Explain the hydrogen spectrum using Bohr's model.

The line spectrum observed in the case of a hydrogen atom can be explained quantitatively using Bohr's model.
Emitted Energy in the Spectrum $(\Delta E)$ : According to Bohr's postulate,radiation is emitted or absorbed when an electron moves between orbits.

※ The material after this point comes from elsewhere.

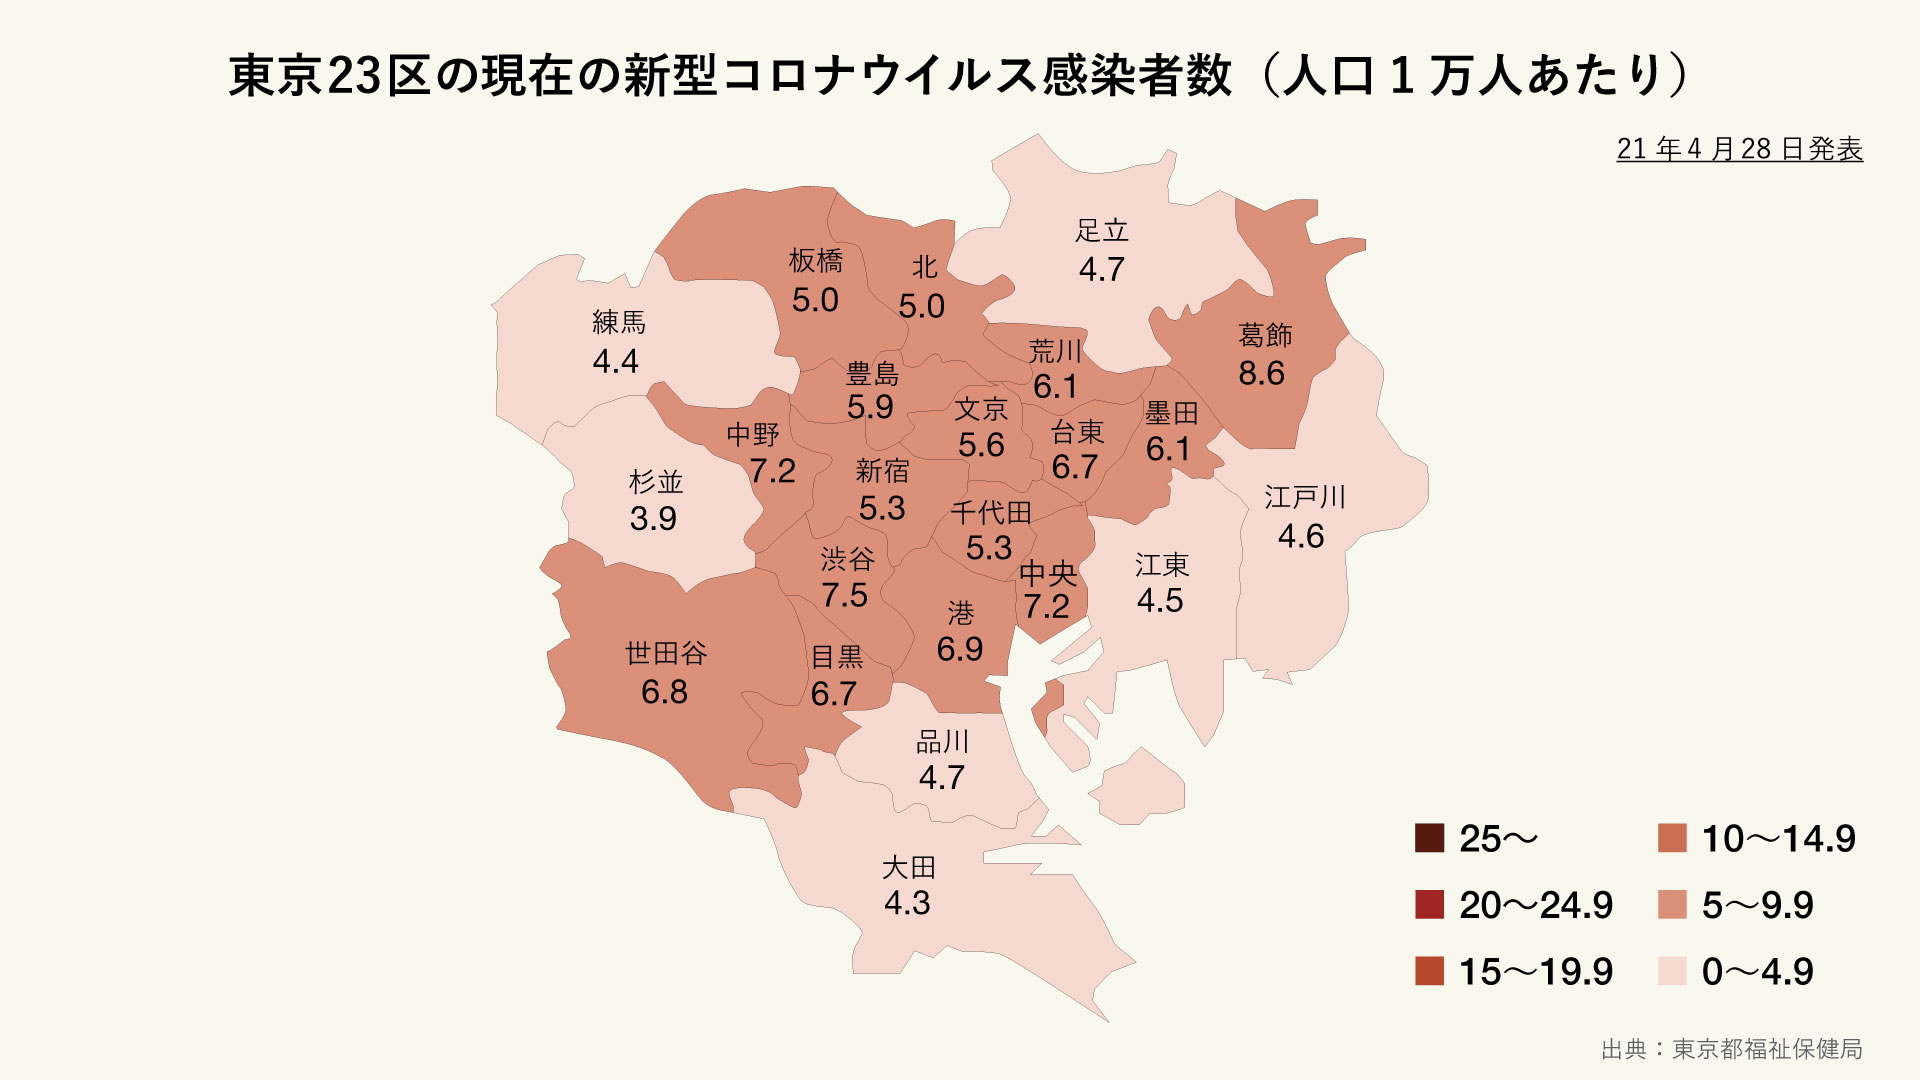 東京23区の現在の新型コロナウイルス感染者（人口1万人あたり）の分布マップ

The energy gap between the two orbits is given by the equation:
$\Delta E = E_{f} - E_{i}$
Since $E_{n} = -R_{H} \left( \frac{1}{n^{2}} \right)$,where $n = 1, 2, 3, \dots$
Substituting the values of $E_{n}$:
$\Delta E = -\left( \frac{R_{H}}{n_{f}^{2}} \right) - \left( -\frac{R_{H}}{n_{i}^{2}} \right)$
$\therefore \Delta E = R_{H} \left( \frac{1}{n_{i}^{2}} - \frac{1}{n_{f}^{2}} \right)$
$\therefore \Delta E = 2.18 \times 10^{-18} \ J \left( \frac{1}{n_{i}^{2}} - \frac{1}{n_{f}^{2}} \right)$
Frequency of the line spectrum $(\nu)$ :
Since $\Delta E = h\nu$,we have $\nu = \frac{\Delta E}{h}$.
Substituting the values:
$\nu = \frac{2.18 \times 10^{-18} \ J}{6.626 \times 10^{-34} \ J \cdot s} \left( \frac{1}{n_{i}^{2}} - \frac{1}{n_{f}^{2}} \right)$
$\therefore \nu = 3.29 \times 10^{15} \left( \frac{1}{n_{i}^{2}} - \frac{1}{n_{f}^{2}} \right) \ Hz$
Using this equation,the frequency of the emitted spectral line can be calculated.